In the entries that follow, the lines from the one with "intégrer des éléments" through the one with "Une représentation du" are the ones to write out, exactly and with both ends included. Nothing else should appear.

Records drawn from a dataset:
Segment Open
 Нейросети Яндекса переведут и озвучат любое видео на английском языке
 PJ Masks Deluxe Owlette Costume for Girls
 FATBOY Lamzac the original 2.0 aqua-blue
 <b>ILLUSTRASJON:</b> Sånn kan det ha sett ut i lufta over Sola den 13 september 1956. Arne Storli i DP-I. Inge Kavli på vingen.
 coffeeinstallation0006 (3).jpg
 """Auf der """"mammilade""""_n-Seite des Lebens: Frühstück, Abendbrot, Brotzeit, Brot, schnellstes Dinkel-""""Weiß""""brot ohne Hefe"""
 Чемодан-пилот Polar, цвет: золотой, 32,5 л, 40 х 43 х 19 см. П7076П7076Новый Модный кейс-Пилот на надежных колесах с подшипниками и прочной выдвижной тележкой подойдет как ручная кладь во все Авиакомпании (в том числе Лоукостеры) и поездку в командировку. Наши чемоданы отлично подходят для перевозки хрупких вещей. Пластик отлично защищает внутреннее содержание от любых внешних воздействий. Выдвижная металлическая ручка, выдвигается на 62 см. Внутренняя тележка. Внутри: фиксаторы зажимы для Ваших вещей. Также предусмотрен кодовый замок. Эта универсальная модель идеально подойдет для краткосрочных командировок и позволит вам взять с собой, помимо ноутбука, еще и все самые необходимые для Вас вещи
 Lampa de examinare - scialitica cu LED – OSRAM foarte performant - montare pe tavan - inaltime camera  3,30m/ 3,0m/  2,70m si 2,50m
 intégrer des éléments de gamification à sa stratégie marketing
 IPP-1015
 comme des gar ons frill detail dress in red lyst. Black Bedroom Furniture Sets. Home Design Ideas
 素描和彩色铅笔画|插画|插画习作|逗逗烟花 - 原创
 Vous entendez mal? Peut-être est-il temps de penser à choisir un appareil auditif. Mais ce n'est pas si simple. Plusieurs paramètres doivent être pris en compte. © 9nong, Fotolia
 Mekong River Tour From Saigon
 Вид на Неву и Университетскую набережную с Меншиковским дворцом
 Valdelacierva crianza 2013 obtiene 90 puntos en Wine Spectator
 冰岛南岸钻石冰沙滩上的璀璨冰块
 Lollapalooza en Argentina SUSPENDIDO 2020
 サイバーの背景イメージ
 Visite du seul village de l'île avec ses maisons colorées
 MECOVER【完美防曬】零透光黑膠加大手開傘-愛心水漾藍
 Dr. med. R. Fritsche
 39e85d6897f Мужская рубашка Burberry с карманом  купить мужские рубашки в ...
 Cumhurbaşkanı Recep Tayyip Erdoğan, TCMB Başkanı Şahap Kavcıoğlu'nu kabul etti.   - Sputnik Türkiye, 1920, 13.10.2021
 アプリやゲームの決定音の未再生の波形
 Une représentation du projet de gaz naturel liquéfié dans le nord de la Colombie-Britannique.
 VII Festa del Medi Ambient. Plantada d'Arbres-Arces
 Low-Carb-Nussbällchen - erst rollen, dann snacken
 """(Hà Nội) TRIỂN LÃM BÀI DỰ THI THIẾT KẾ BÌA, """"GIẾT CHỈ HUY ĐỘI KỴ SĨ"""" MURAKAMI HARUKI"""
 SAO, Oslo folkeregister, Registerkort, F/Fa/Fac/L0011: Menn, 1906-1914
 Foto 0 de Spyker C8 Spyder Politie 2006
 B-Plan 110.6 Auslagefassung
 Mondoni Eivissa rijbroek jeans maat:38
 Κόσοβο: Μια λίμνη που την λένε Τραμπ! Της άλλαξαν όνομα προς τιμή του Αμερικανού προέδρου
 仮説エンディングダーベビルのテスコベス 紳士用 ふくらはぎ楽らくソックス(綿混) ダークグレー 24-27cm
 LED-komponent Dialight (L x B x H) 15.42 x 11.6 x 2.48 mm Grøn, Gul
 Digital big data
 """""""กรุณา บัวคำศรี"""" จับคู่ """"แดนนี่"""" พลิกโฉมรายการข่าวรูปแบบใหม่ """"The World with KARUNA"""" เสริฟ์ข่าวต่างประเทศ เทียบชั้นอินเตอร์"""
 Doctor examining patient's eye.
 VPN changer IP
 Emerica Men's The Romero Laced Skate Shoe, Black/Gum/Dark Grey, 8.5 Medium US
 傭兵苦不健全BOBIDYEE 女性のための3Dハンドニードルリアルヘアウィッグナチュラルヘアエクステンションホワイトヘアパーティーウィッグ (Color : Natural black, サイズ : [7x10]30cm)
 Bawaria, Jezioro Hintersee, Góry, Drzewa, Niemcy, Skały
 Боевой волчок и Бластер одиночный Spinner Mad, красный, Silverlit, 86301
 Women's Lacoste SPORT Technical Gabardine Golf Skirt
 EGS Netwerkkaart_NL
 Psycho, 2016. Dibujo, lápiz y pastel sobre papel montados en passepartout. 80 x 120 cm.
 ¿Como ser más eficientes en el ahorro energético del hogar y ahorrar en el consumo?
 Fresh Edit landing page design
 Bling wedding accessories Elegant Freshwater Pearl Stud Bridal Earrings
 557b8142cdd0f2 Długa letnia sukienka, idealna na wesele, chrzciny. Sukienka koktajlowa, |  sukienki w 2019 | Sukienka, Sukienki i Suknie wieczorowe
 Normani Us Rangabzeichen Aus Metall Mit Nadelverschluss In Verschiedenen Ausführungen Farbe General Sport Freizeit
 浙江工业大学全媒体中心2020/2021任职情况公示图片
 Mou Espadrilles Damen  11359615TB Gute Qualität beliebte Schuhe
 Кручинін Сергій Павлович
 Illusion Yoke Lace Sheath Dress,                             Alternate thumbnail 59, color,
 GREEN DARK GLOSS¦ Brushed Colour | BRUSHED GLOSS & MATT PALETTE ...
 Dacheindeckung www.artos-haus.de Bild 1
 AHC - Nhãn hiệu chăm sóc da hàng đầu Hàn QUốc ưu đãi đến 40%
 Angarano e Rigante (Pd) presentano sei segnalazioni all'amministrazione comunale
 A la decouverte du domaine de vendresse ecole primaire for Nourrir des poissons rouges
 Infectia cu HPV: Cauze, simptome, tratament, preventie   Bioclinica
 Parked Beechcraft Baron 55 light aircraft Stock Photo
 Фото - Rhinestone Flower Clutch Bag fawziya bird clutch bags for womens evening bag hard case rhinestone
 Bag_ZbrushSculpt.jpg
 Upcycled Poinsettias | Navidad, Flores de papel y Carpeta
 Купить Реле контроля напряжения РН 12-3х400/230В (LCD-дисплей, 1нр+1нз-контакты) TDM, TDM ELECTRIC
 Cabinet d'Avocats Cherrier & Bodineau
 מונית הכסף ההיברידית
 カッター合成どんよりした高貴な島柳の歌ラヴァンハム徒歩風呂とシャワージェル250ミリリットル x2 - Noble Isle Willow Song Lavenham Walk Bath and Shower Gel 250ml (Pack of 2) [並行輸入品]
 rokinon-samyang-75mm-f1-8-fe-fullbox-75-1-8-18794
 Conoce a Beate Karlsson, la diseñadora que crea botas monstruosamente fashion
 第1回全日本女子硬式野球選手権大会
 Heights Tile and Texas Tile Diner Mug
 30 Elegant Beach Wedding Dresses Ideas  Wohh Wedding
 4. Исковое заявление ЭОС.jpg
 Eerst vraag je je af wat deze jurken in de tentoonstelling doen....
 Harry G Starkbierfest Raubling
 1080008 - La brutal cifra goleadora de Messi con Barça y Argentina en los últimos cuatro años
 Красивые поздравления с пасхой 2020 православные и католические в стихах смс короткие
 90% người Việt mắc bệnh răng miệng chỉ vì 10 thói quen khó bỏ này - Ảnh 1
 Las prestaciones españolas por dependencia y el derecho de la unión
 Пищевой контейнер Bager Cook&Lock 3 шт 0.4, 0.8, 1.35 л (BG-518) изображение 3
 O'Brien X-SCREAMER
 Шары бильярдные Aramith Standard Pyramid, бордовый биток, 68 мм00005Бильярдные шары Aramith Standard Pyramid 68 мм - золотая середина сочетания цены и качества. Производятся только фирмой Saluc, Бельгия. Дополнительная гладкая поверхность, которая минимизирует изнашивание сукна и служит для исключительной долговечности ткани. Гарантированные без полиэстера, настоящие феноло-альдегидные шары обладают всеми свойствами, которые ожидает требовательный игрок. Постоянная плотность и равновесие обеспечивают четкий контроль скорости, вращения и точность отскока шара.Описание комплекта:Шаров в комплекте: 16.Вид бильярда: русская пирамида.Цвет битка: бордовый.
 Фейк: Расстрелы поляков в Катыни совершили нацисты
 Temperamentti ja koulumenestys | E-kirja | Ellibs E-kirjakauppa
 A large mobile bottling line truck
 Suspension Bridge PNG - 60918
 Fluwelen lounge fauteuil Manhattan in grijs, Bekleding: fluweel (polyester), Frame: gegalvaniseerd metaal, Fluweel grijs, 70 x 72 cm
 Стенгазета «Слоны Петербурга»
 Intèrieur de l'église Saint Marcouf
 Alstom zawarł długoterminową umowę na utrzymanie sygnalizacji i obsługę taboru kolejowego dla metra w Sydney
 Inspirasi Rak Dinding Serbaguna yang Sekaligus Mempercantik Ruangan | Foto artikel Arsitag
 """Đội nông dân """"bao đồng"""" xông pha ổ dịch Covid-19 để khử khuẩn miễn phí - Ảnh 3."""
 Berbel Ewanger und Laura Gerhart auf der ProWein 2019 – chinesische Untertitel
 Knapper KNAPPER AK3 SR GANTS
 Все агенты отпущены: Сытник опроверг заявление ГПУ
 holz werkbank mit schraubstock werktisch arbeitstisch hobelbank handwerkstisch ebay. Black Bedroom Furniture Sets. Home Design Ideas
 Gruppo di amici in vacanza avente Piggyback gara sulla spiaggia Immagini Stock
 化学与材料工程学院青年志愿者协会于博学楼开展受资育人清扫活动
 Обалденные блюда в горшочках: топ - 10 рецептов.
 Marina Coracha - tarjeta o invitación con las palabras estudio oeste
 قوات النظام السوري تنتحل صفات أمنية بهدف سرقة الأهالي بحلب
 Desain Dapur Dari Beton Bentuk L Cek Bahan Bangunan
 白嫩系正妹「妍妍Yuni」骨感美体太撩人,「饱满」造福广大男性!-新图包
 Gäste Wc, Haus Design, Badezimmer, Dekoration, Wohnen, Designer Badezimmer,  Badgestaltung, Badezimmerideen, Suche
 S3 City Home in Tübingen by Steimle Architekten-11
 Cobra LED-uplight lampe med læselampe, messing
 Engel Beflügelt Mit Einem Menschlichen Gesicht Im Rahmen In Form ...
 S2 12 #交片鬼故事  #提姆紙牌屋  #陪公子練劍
Segment Closed
Result of this task
 intégrer des éléments de gamification à sa stratégie marketing
 IPP-1015
 comme des gar ons frill detail dress in red lyst. Black Bedroom Furniture Sets. Home Design Ideas
 素描和彩色铅笔画|插画|插画习作|逗逗烟花 - 原创
 Vous entendez mal? Peut-être est-il temps de penser à choisir un appareil auditif. Mais ce n'est pas si simple. Plusieurs paramètres doivent être pris en compte. © 9nong, Fotolia
 Mekong River Tour From Saigon
 Вид на Неву и Университетскую набережную с Меншиковским дворцом
 Valdelacierva crianza 2013 obtiene 90 puntos en Wine Spectator
 冰岛南岸钻石冰沙滩上的璀璨冰块
 Lollapalooza en Argentina SUSPENDIDO 2020
 サイバーの背景イメージ
 Visite du seul village de l'île avec ses maisons colorées
 MECOVER【完美防曬】零透光黑膠加大手開傘-愛心水漾藍
 Dr. med. R. Fritsche
 39e85d6897f Мужская рубашка Burberry с карманом  купить мужские рубашки в ...
 Cumhurbaşkanı Recep Tayyip Erdoğan, TCMB Başkanı Şahap Kavcıoğlu'nu kabul etti.   - Sputnik Türkiye, 1920, 13.10.2021
 アプリやゲームの決定音の未再生の波形
 Une représentation du projet de gaz naturel liquéfié dans le nord de la Colombie-Britannique.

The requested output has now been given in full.